We used data of participants from the 2005 Health Survey for England (HSE 2005) with the aim of obtaining a nationally-representative sample of the general population aged 19 to 64 years living in England [22]. As a supplement to the main HSE 2005, the English FSA Dietary Sodium Study (EFSAUS), a sub-sample of adult participants were asked to provide a 24-hour urine sample to measure urinary sodium. Overall, 498 survey participants (200 men, 298 women, Table 1), aged 19 and over, who provided a 24-hour urine sample were identified and included in the study. Data collection took place between October 2005 and July 2006, with the majority of fieldwork being completed by March 2006.

Table 1

Study population characteristics and description of analytical sample.

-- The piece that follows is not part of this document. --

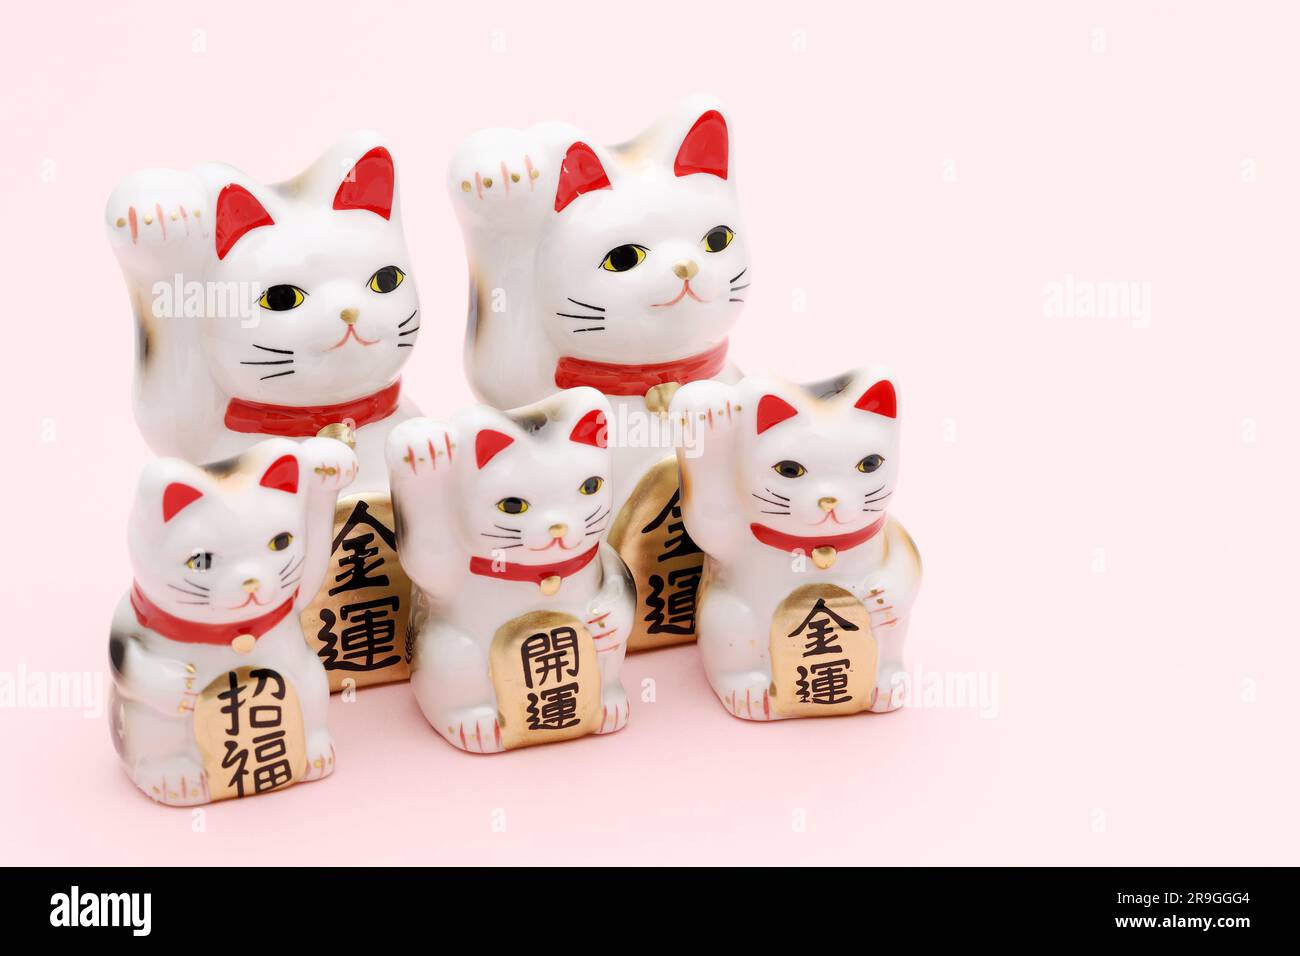 Gatto fortunato giapponese su sfondo rosa, parola giapponese di questa fotografia significa "fortuna migliore, benedizione, fortuna economica" Foto Stock

Median and inter-quartile range or absolute number and proportion. See S1 Table for more details.

	Women		Men
n	261	247†	173	165†
Age [years]	45 (36–55)	44 (36–55)	48 (37–56)	48 (36–55)
Waist circumference [cm]	85.6 (78.5–94. 6)	85.6 (78.8–94.5)	97.9 (90.4–107)	97.7 (90.4–107)
Waist-to-hip ratio	0.81 (0.77–0.86)	0.81 (0.77–0.86)	0.93 (0.89–0.97)	0.93 (0.89–0.98)
BMI [kg/m2]	26.0 (23.5–29.8)	26.0 (23.5–29.7)	27.5 (25.3–30.4)	27.3 (25.2–30.1)
Normal weight	108 (41%)	101 (41%)	33 (22%)	38 (23%)
Overweight	93 (36%)	91 (37%)	86 (50%)	84 (51%)
Obese	60 (23%)	55 (22%)	49 (28%)	43 (26%)
Urinary excretion
Sucrose [mg/d]	26.4 (11.6–50.6)	25.1 (10.7–46.1)	38.6 (23.9–62.6)	37.2 (23.0–59.7)
Fructose [mg/d]	18.1 (9.4–33.3)	17.5 (9.2–29.8)	18.4 (11.7–27.1)	18.1 (11.1–26.3)
Nitrogen [g/d]	10.3 (8.0–12.3)	10.4 (8.0–12.3)	13.3 (10.4–16.4)	13.3 (10.5–16.4)
Estimated intake
Total Sugars [g/d]	127 (66.1–219)	117 (62.0–201)	167 (93.4–247)	162 (91–227)
Protein [g/d]	79.4 (61.8–94.8)	80.0 (62.0–94.7)	102 (80.4–127)	102 (80.6–127)

†excluding the top 5% of estimated total sugar intake

24-hour urine collection

Participants were asked to collect all urine they passed during a 24-hour period starting from the second morning urine void of the 24-hour collection day, and ending with the first urine void the following morning. P-amino-benzoic acid (PABA) was used to test for completeness of 24h urine collection and only complete samples (with >85% PABA recovery in urine) were used for this analysis [23]. All samples were stored at -20°C until analysis (2006 to 2013).

Analysis of urinary sucrose and fructose

Urine samples were thawed at room temperature, centrifuged to remove protein aggregates and analysed using an ILAB600 clinical chemistry analyser (Werfen (UK) Limited, Warrington) with a sucrose, fructose and glucose enzyme kit (Sucrose/D-Glucose/D-Fructose; Boehringer Mannheim, R-Biopharm, Enzymatic BioAnalysis/Food Analysis, Darmstadt, Germany). This method determines D-glucose by measuring NADPH + H+ formation following phosphorylation of D-glucose by hexokinase and subsequent oxidation by NADPH+-dependent glucose-6-phosphate dehydrogenase. NADPH + H+ is determined by changes in absorption at 340 nm. Sucrose and D-fructose are determined indirectly following the conversion of D-fructose into D-glucose by phosphoglucose-isomerase or β-fructosidase and calculating the difference in D-glucose concentration before and after conversion. The concentration range for sucrose and D-fructose was 2.5 to 200 mg/L, for D-glucose it was 2.5 to 150 mg/L; samples exceeding these concentrations were diluted 1 in 10 with purified water and reanalysed. The intra-assay CV for a 25 mg/L glucose quality control (QC) sample was less than 2% and the inter-assay CV was 3.6%. The inter-assay CV was also determined for fructose and sucrose and found to be less than 7%. All concentrations measured were above the lower-limit of quantification. 24-h urinary sucrose and fructose were calculated based on urinary fructose and sucrose concentration (mg/L) and 24-h urine volume.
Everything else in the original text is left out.